SUPPLIED MATERIAL START

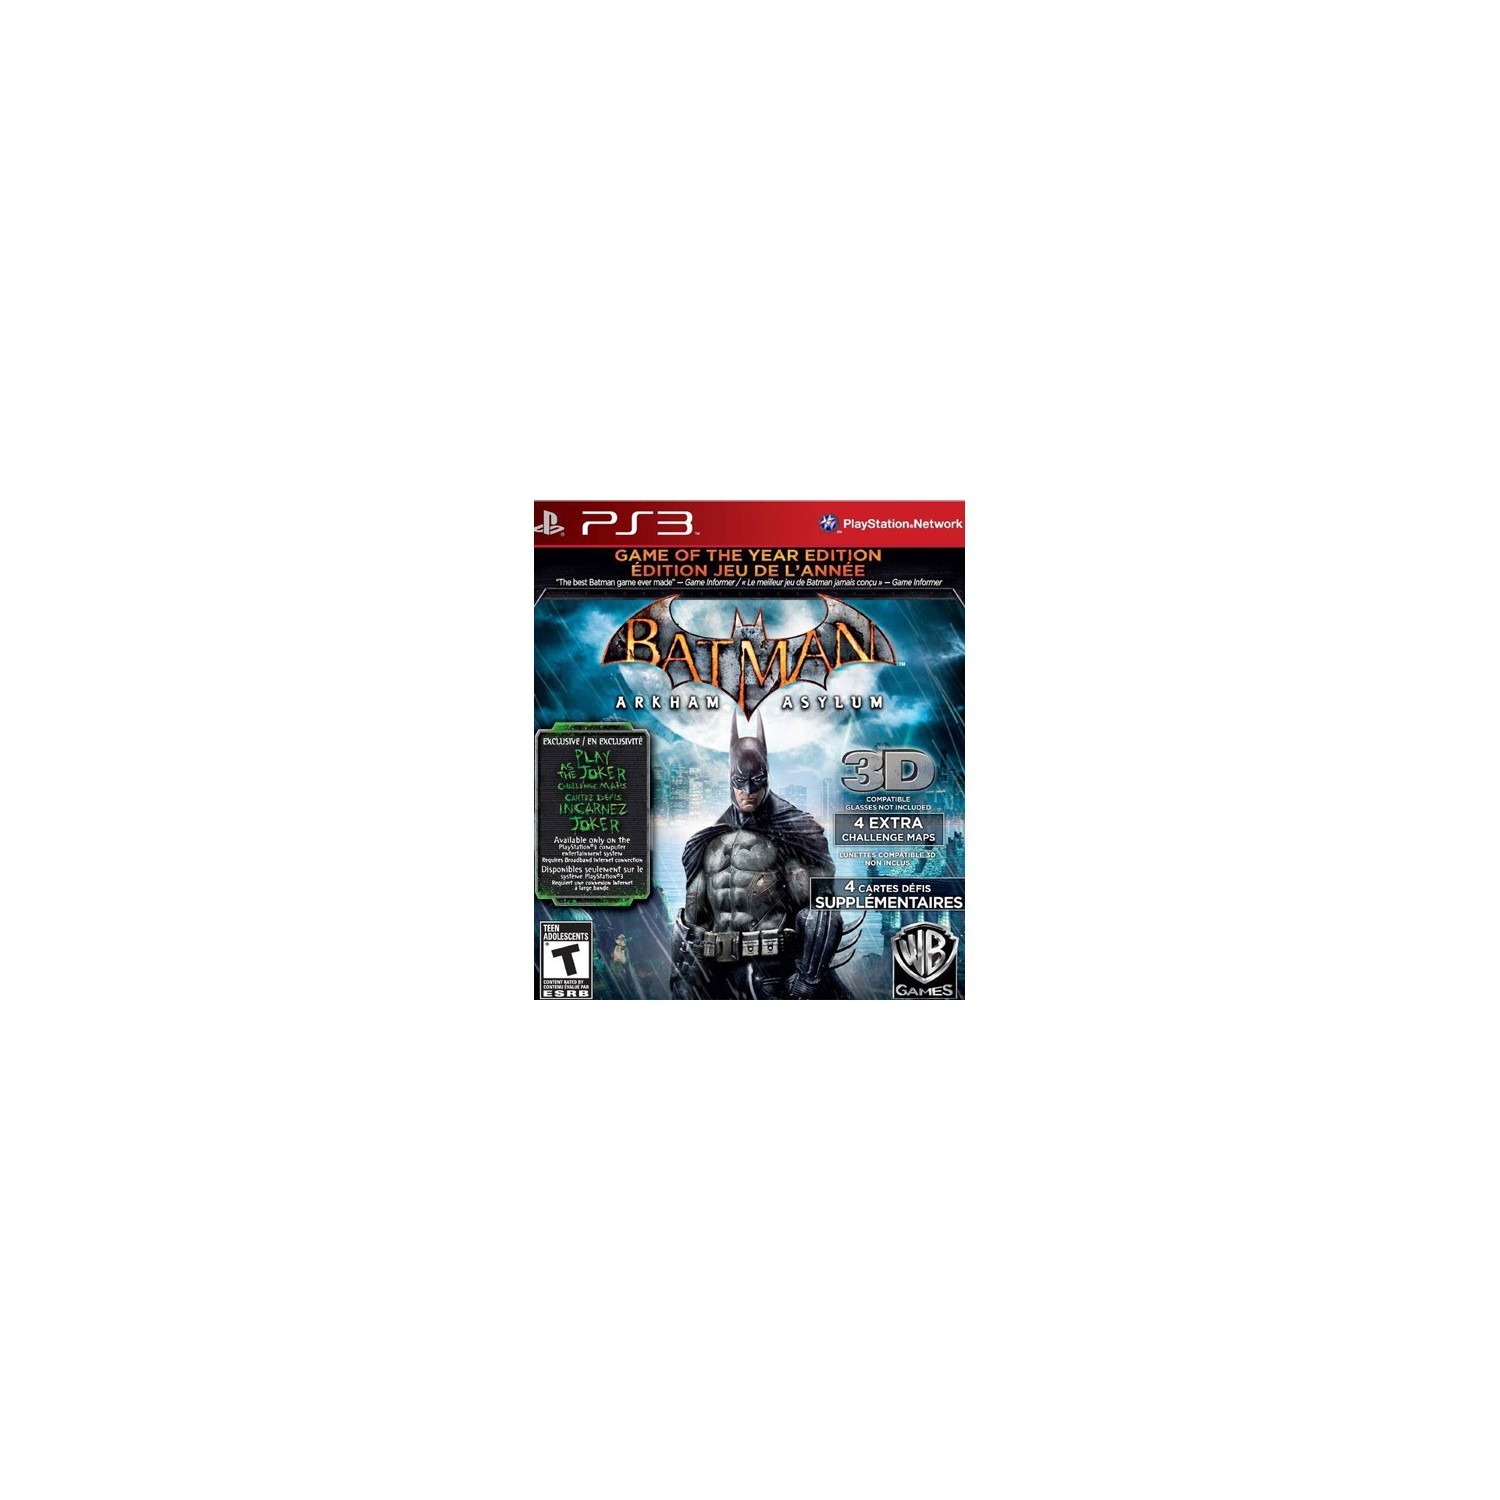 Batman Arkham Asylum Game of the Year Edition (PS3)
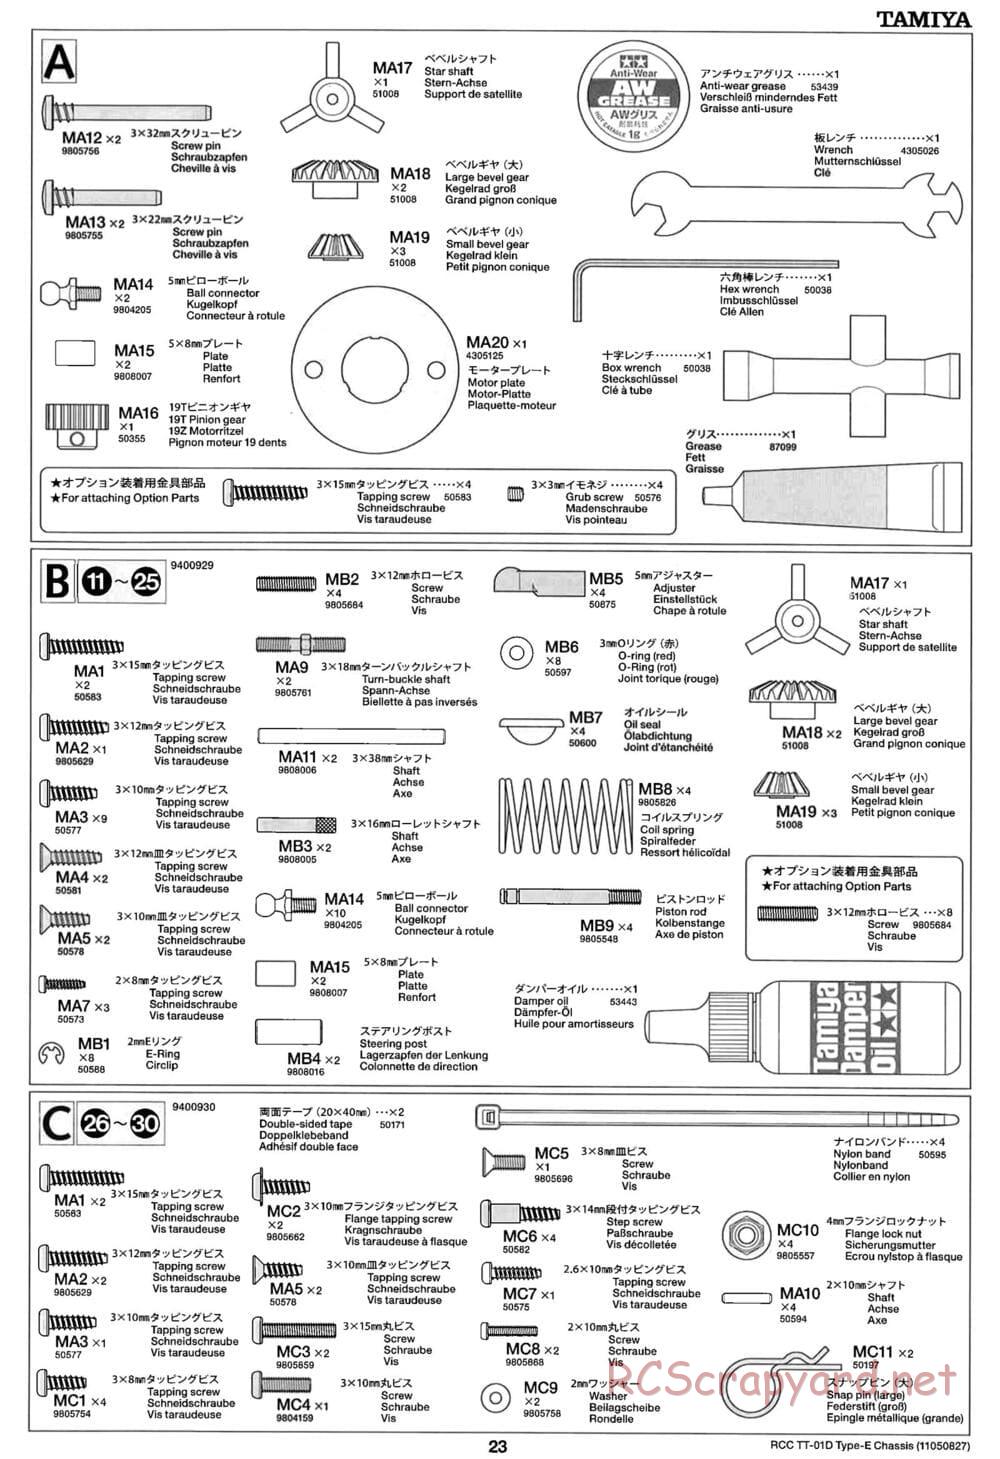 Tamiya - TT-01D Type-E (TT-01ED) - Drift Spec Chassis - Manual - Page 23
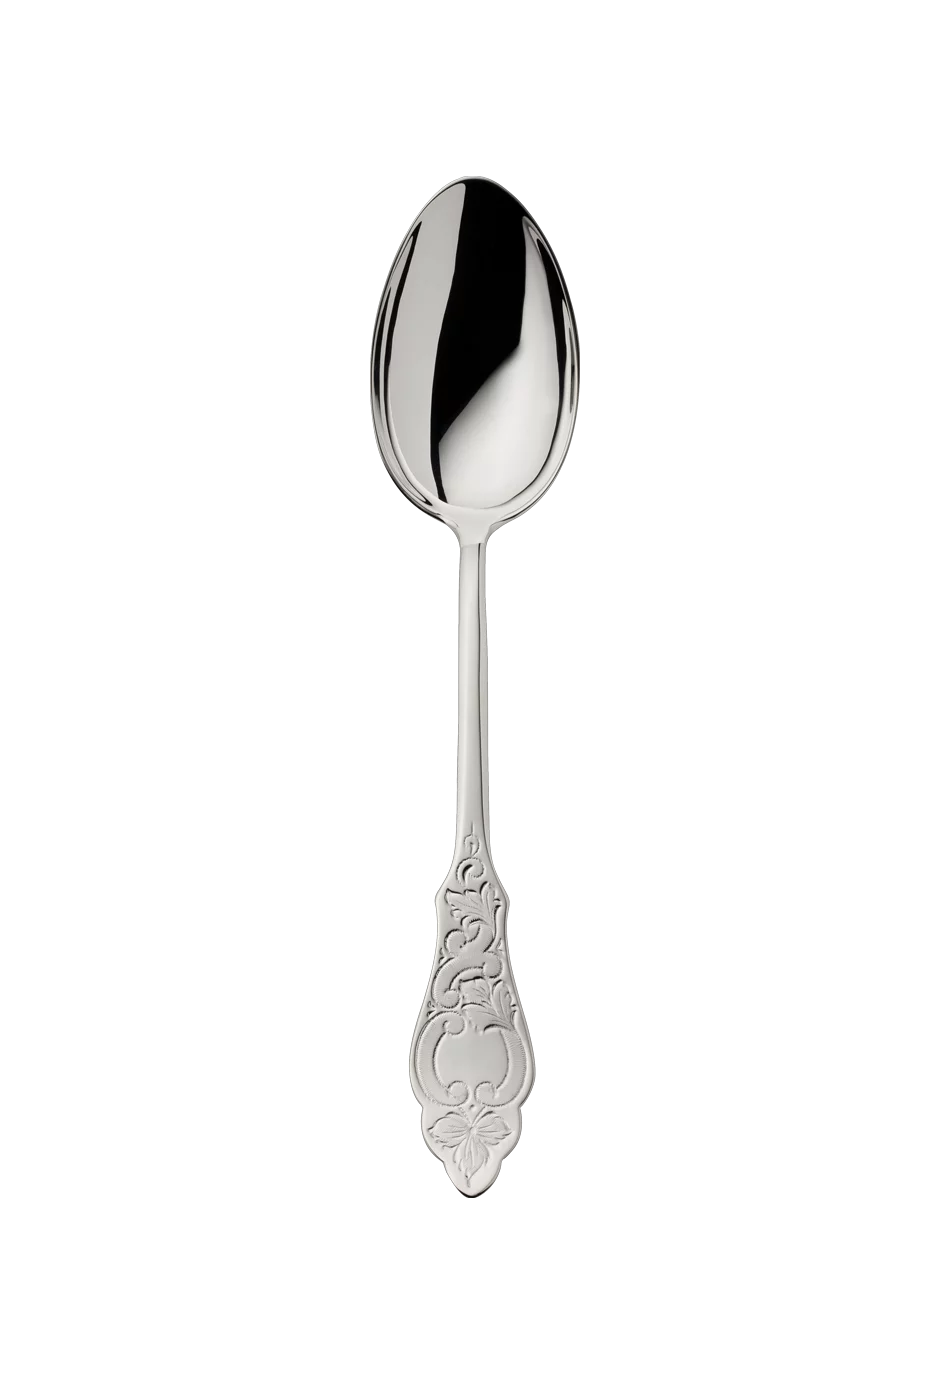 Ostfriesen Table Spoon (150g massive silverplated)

SUPPLIED MATERIAL END

◆ TASK INSTRUCTIONS
Leave out the pictures and repeat the remaining data exactly.

◆ TASK RESULT
 Batman Arkham Asylum Game of the Year Edition (PS3)
 Tamiya - TT-01D Type-E (TT-01ED) - Drift Spec Chassis - Manual - Page 23
 Ostfriesen Table Spoon (150g massive silverplated)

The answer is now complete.